With symbols of any kind becoming increasingly divisive, the fact that so much care and cooperation is being put into the potential relocation of the Marcus Whitman statue in Walla Walla sends the right message.
In 2019, Senate Bill 5237 was introduced by state Sen. Reuven Carlyle of Seattle and proposed the removal of statues of pioneer missionary Marcus Whitman from the nation’s Capitol and in Olympia. The bill passed, and now they’re being replaced by statues of beloved environmental activist and Nisqually tribal leader Billy Frank Jr.

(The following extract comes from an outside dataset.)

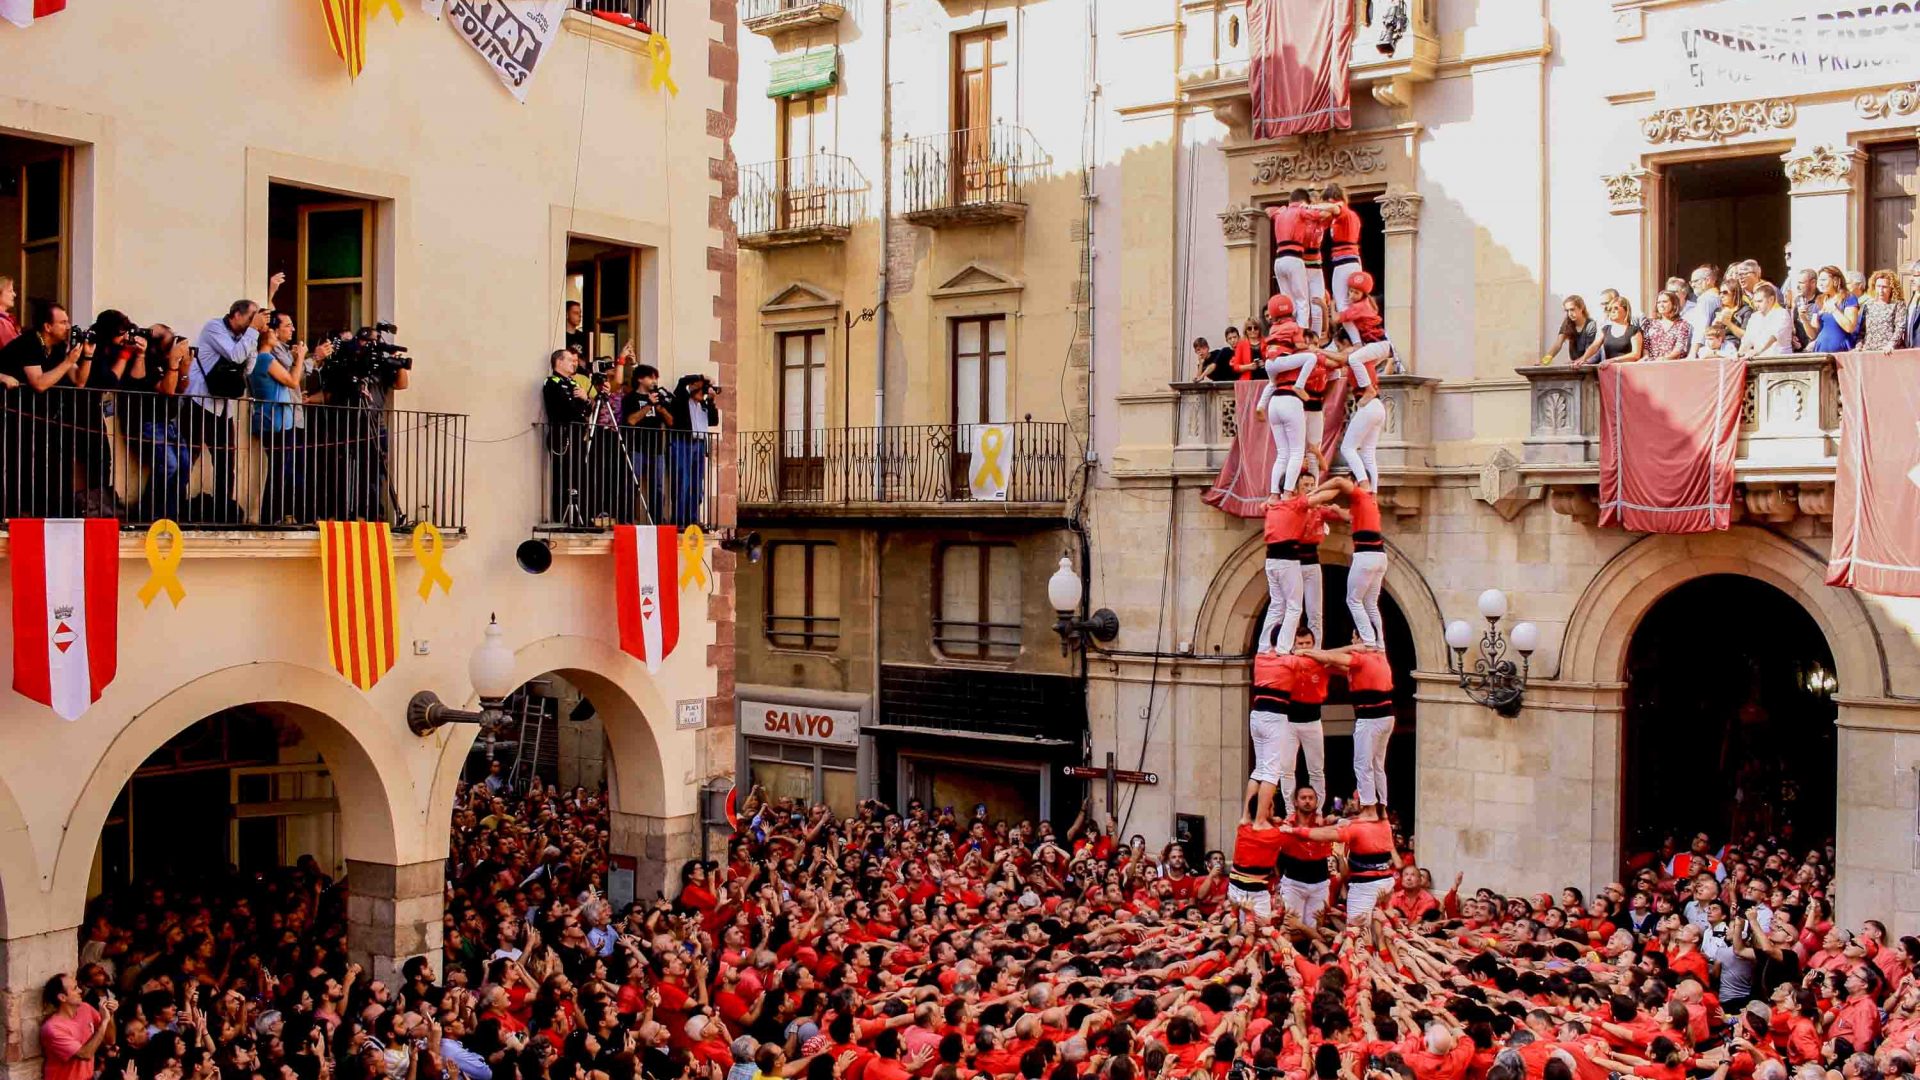 The Colla Joves team of castellers (human towers) in the tiny Catalan city of Valls.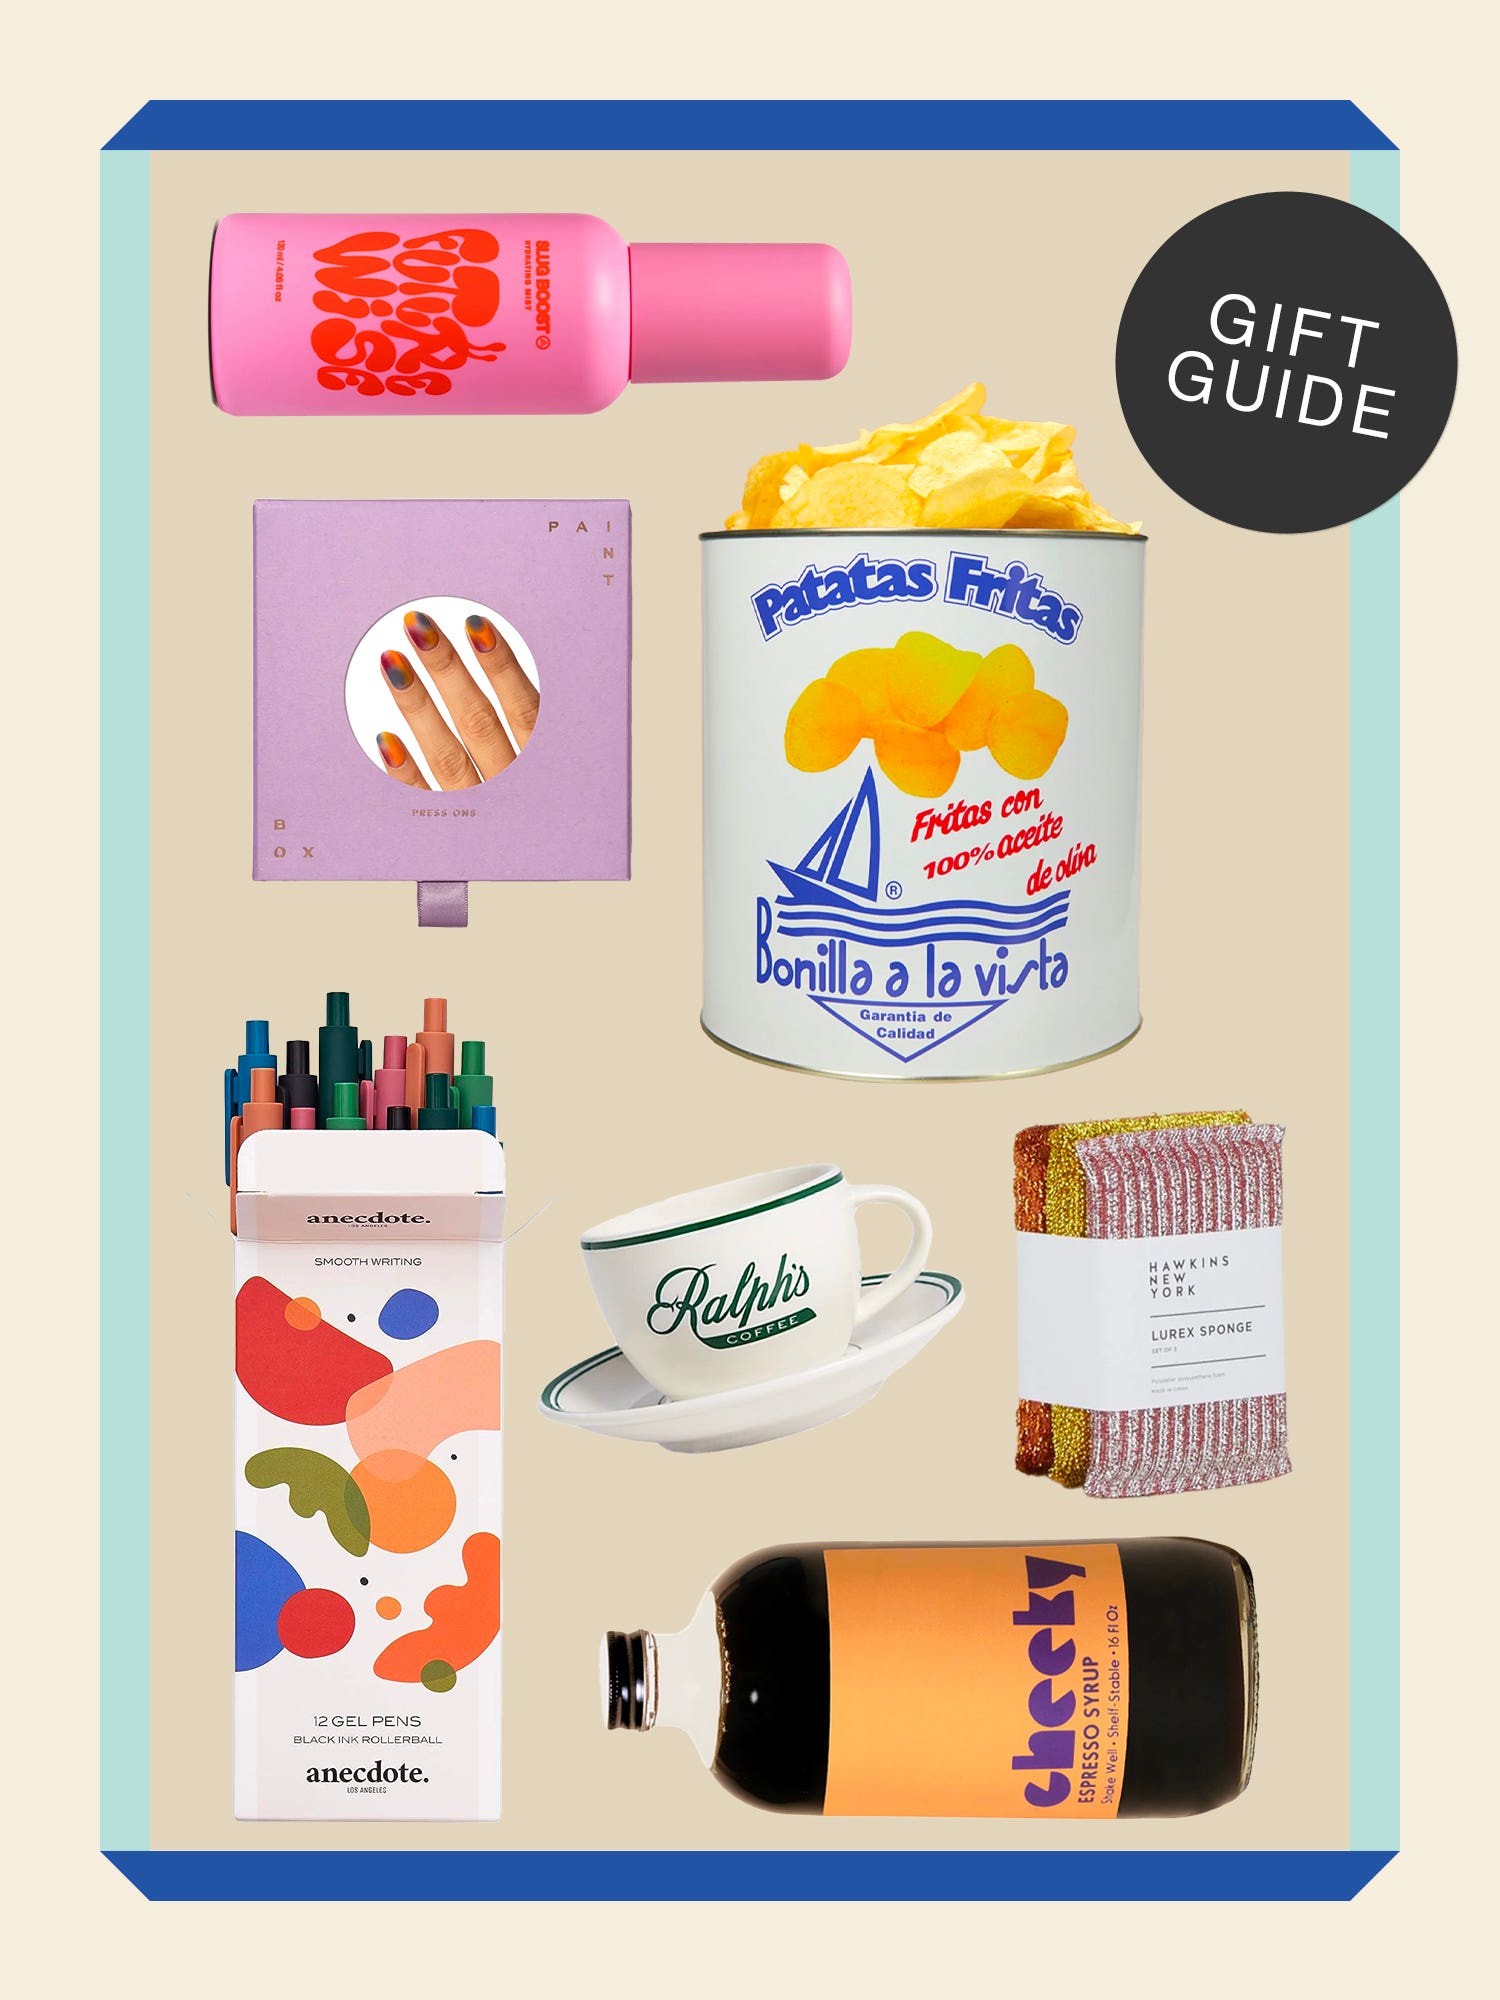 Secret Santa Gift Guide collage of products

Here at home, a team of art researchers proposed in September of 2020 removing the Whitman statue from its spot downtown and relocating it to the Fort Walla Walla Museum, where the group says its true context can be shared. A meeting has been scheduled for Jan. 19, from 5 to 7 p.m., “so residents can provide comments on what should be done with the statue,” U-B reporter Emry Dinman wrote. After this meeting, the Arts Commission will recommend to the Walla Walla City Council — which has final say on the statue’s placement — what is deemed the best course of action.
A sensible move.
It is also heartening to know that the Confederated Tribes of the Umatilla Indian Reservation have also been in support of thoughtfully considering what to do with the local Whitman statue since early last year.
We look forward to seeing how these efforts inform and engage the local community.
As we’ve said before, the history of the Whitman statues in Washington, D.C., Olympia and downtown are worthy of all the time and consideration we can give them. The collaboration already displayed in this process gives us hope for the future of our local historical sculpture.